Mini Systems Blog 2: Time and Chance Happen to Them All

Simon Travers, POP Learning Champion

The first blog of this series on the POP ‘Mini Systems’ experiment told the story of how a £40,000 grant was awarded to a collective through a democratic lottery. As a new idea being explored by various funders,1 questions should be raised about if this funding model is fair. My view is that democratic lotteries highlight the ways that luck determines funding success and impact delivery across a variety of funding approaches.

After the main grant of £40,000 had been allocated, POP contacted the seven unsuccessful groups and asked if they wished to continue in the process to allocate the remaining £20,000 available. Six groups wanted to carry on, but when asked, they all said they needed £5,000. POP had to consider what was fairer? We could share resources but underfund each group or fully fund four out of six collaborations. We chose to stay consistent to the process and run another lottery. You can see the result here.

Over the past two years, POP has been in an unusual funding situation. The large Esmée Fairbairn Plymouth grant and a commitment to small scale, collaborative funding have combined so that almost everyone who has asked for funding from POP has received it. Part of the point of doing the ‘Mini Systems’ experiment for POP was to work with a resource that could not be equally distributed to everyone. How do you foster collaboration when you can’t please all the people all the time? How do funders account for fairness when, as in our second lottery draw, passionate people who run great projects that demonstrate value are not guaranteed funding?

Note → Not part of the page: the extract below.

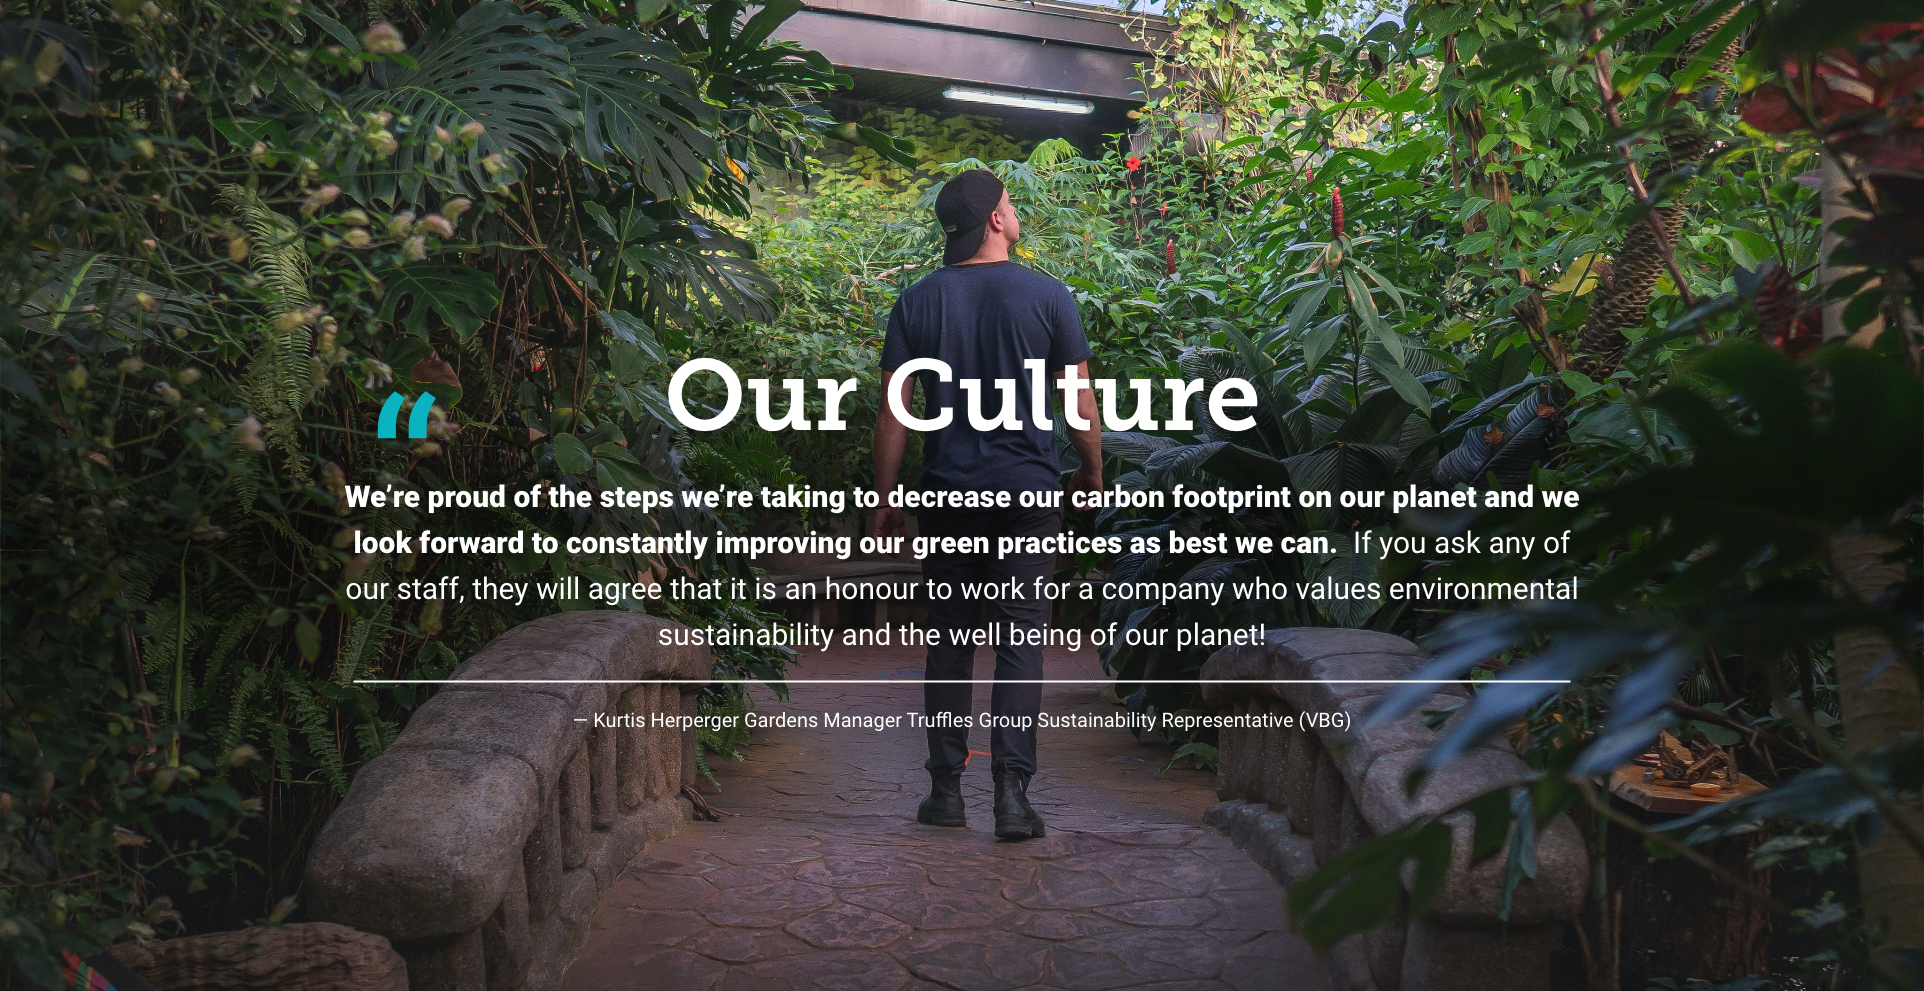 Image of a guest in the Victoria Butterfly Gardens with a quote from the Gardens Manager superimposed over it, "Our Culture. We're proud of the steps we're taking to decrease our carbon footprint on our planet and we look forward to constantly improving our green practices as best we can."

The Internet Revolution has made permanent changes to the Voluntary, Community and Social Enterprise sector. It has never been easier for talented, well qualified individuals to get involved, get online, build a platform, and hope to make a living by delivering social benefit. Our society must embrace that change. We constantly need more people, diverse voices with imaginative approaches, to address complex problems such as poverty, social isolation, and climate change. It should be easy, and there should be space, for an ever-growing abundance of individuals and groups to be sustainably resourced to make a collective difference.

In reality, we see funding practices that either overburden small grassroots organisations or encourage unhealthy competition between them. Funders look to pass risk onto those applying for funding. Organisations looking for funding fight to stand out from the crowd. These are deep seated drivers of destructive competitive behaviours in the VCSE sector.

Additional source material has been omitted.